EleutherAI / gpt-neox

An implementation of model parallel autoregressive transformers on GPUs, based on the Megatron and DeepSpeed libraries

Home Page:https://www.eleuther.ai/

Geek Repo:Geek Repo

Github PK Tool:Github PK Tool

Support for custom model architecture

itsnamgyu opened this issue · comments

I'm building a custom architecture involving multiple existing architectures as sub-components (Pythia, RoBERTa, T5, etc).

Does this library support custom architectures? If not, could someone give me some pointers on how to approach it? (e.g., use a different library, re-build the architecture using provided model components)

I'm planning to run pre-training from scratch up to 7B params. I'm mainly interested in using this library for its FlashAttention support and ease of multi-node training.

Hey there! Yes I think this is doable, but would take some effort to add the new architectures given that we only have GPT architectures supported here right now.

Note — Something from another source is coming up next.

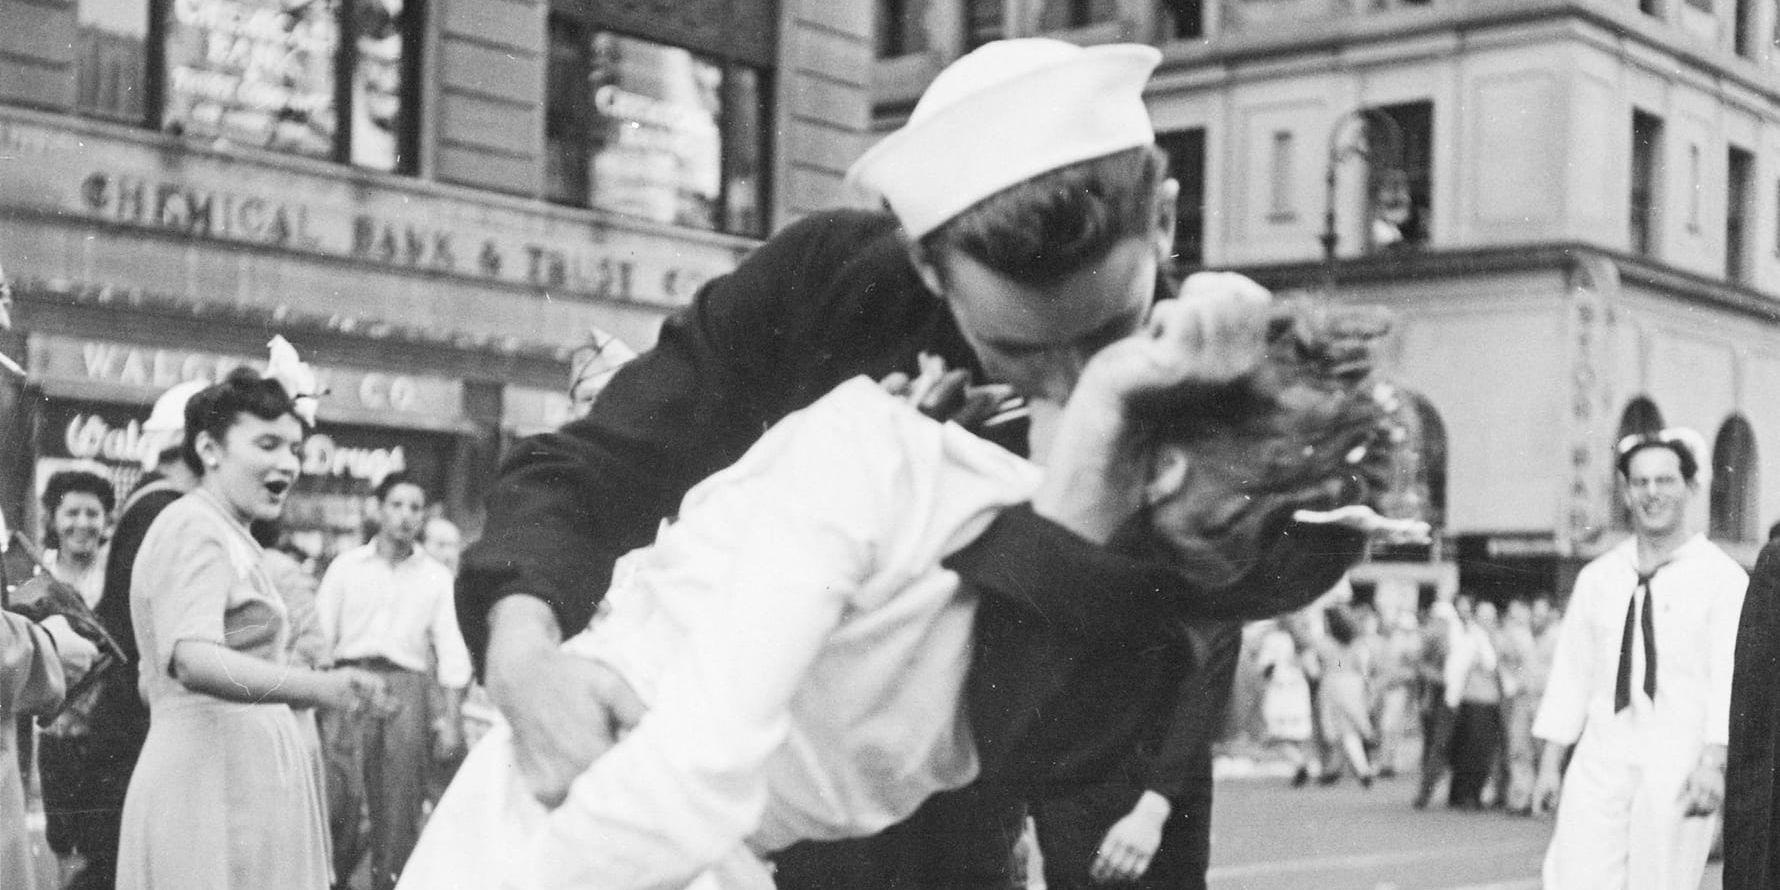 "Kissing sailor" eller den kyssande sjömannen från den kända bilden i Life Magazine. Victor Jorgensens bild är inte upphovsrättsskyddad och visar paret från en annan vinkel än på det kända fotografiet från Life. Arkivbild.

In terms of approaching things, since we're a megatron-based framework and many have added these architectures to other megatron-based frameworks, I'd recommend porting those implementations under our https://github.com/EleutherAI/gpt-neox/tree/main/megatron/model

There was a gpt-neox t5 effort at https://github.com/EleutherAI/gpt-neox/tree/t5-shared-params that you could start off from for t5 for example. T5 is now also in the upstream Megatron (https://github.com/NVIDIA/Megatron-LM/blob/main/megatron/model/t5_model.py)

I would be happy to discuss this with you along the way and help on the effort if you go for it!

Thanks I'll check them out!

@itsnamgyu This might be helpful... here's an example where I use lm eval in another unrelated repo with custom models:
foundation-model-stack/foundation-model-stack#154

@nairbv Thanks a lot!

Hey this sounds interesting, I'm planning to recreate model that's written in Pytorch with this library. Given it's custom architecture, what are things I need to consider and need to plan so that I can take benefit of Gpt-NeoX for distributed training. Any pointers or guidance would help.

I looked up the T5 model implementation as well on T5-shared-params branch I would like to know if it's only required to create a model file similar to gpt2_model.py in models directory or do I need to make changes with Megatron as well. It would be helpful if you can provide me with in idea of what changes are required to incorporate a custom model architecture.

@JDRanpariya I've actually decided to use the HuggingFace implementation of GPTNeoX with deepspeed and FlashAttention2 for now. I'm not working with T5 or RoBERTa at the moment.

OP has decided to pursue a different approach than mod this library.

Yep, got it! I guess people wanting to do it would do it anyhow but I think this issue is good starting point. Is it possible to move it to discussions? might help people who want to do similar in future.